Exercise instructions ▸
Give the listing again word for word, excluding the pictures it contains.

Given information ▸
----

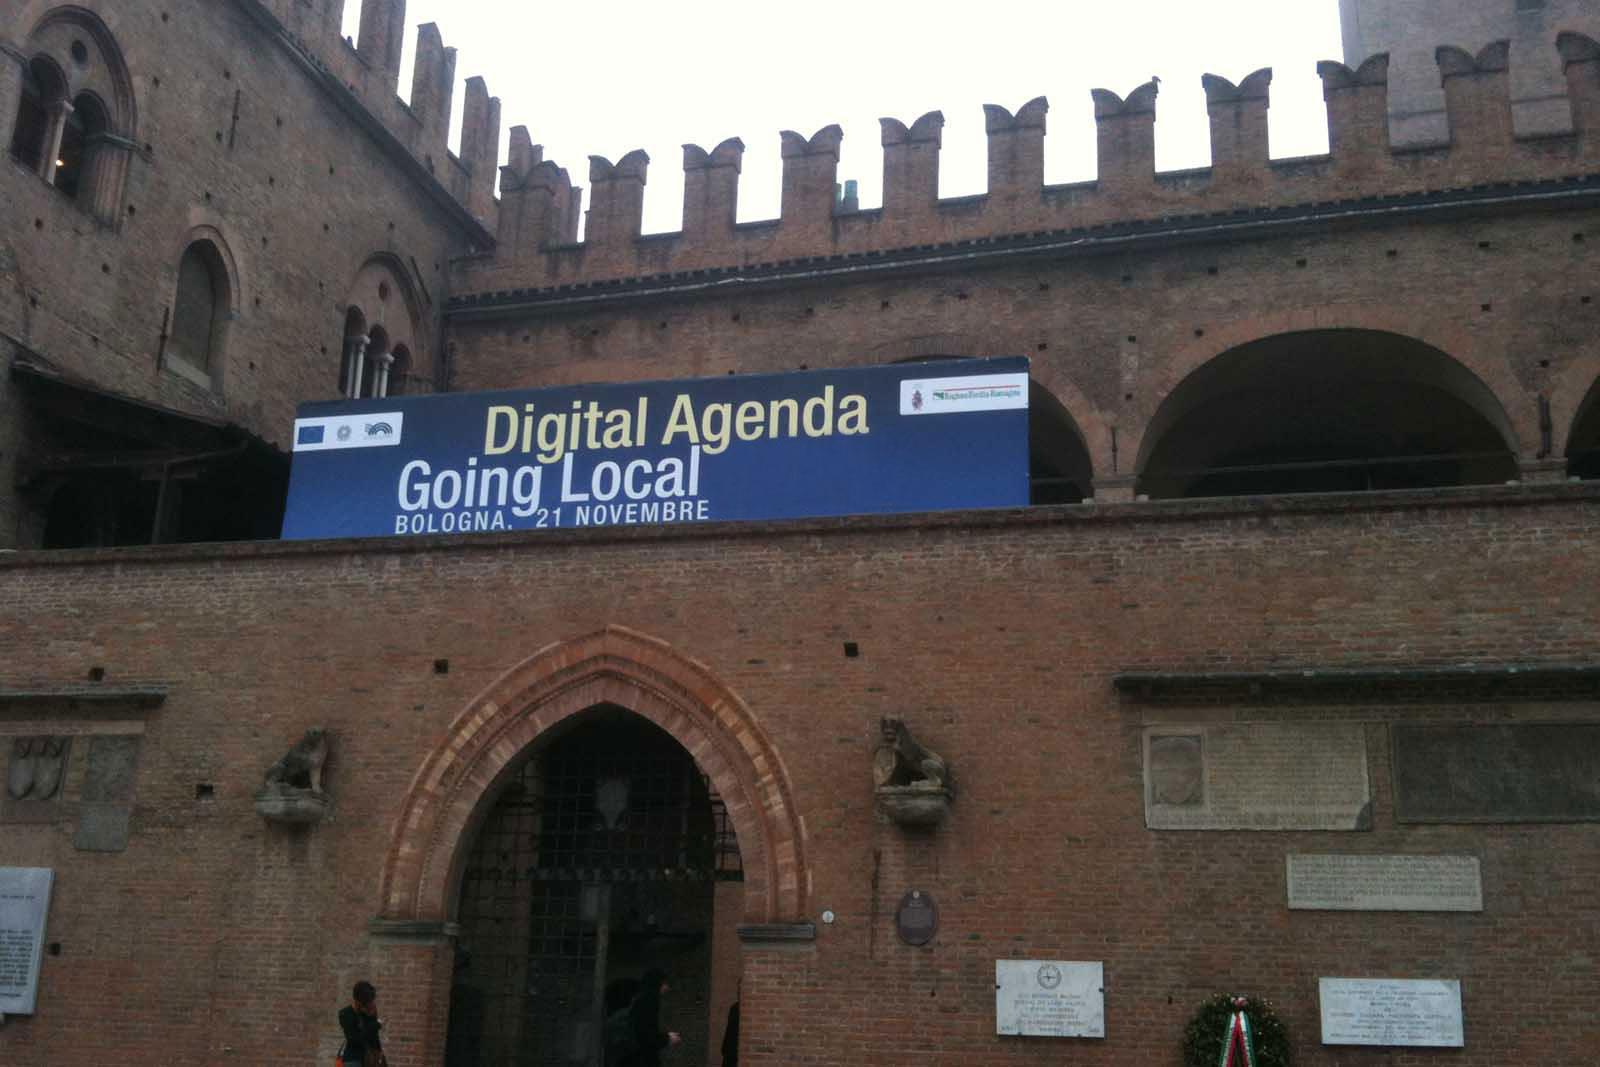 Absolut-Regione-Emilia-Romagna-convegno-nazionale-3
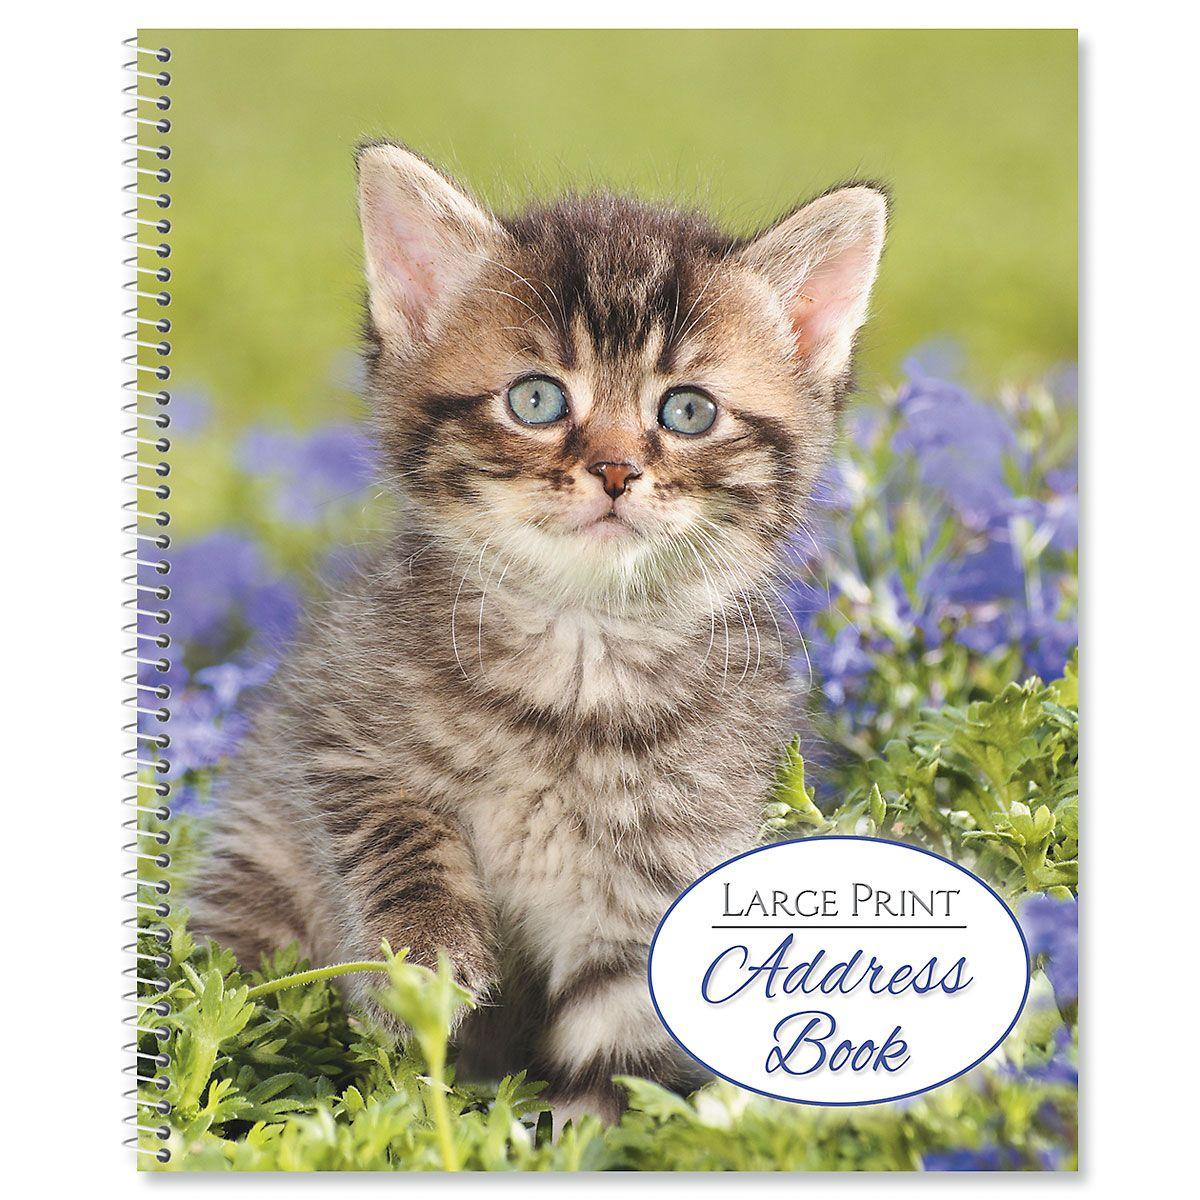 Playful Kitten Large Print Address Book
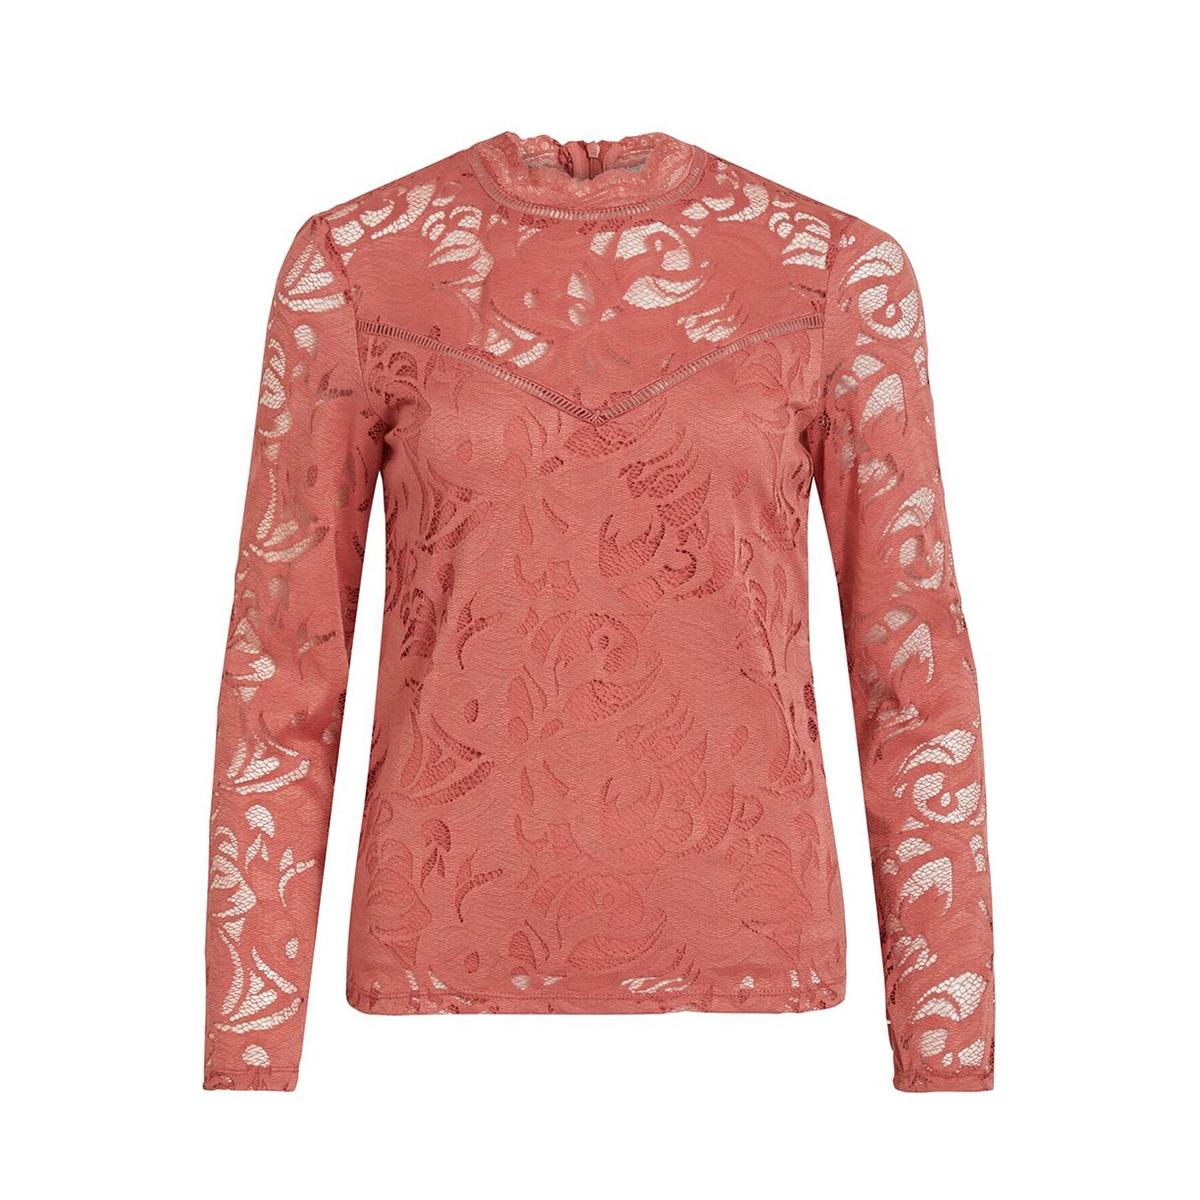 vistasia l/s lace top-fav 14044847 vila blouse dusty cedar
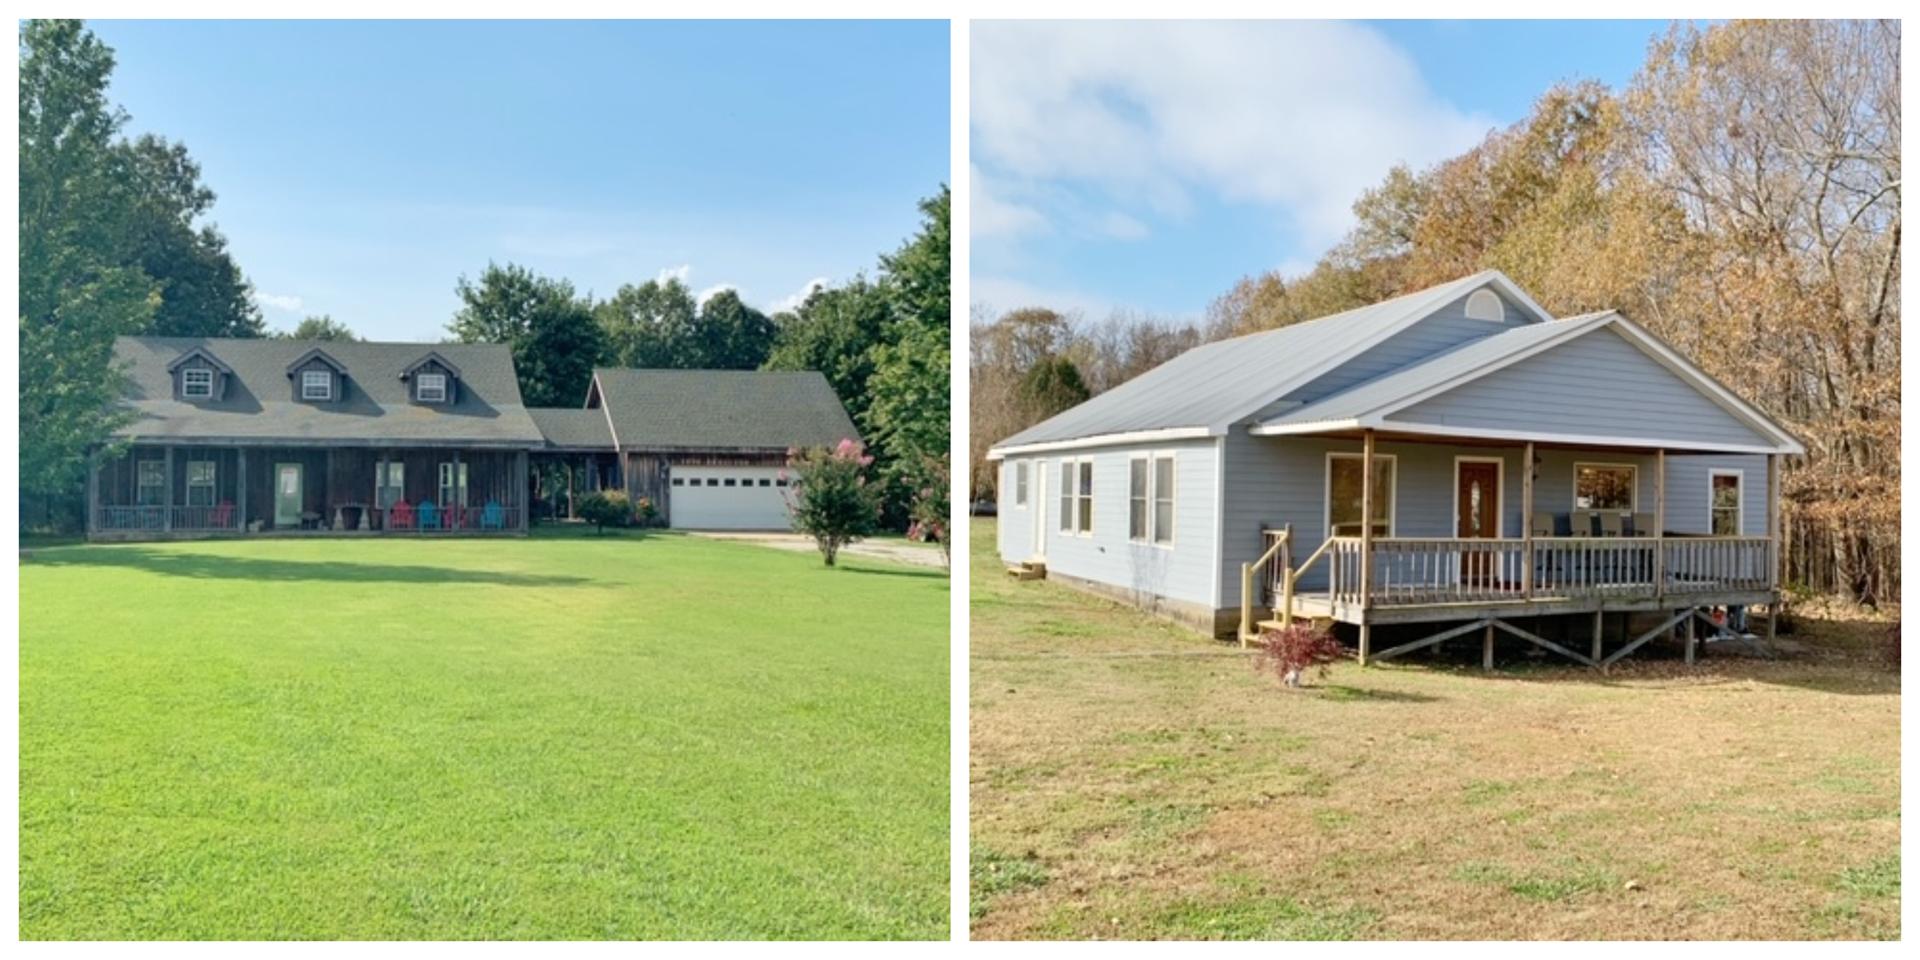 Jonesboro AR 2 Country Homes with Acreage For Sale

----

Task result ▸
 Absolut-Regione-Emilia-Romagna-convegno-nazionale-3
 Playful Kitten Large Print Address Book
 vistasia l/s lace top-fav 14044847 vila blouse dusty cedar
 Jonesboro AR 2 Country Homes with Acreage For Sale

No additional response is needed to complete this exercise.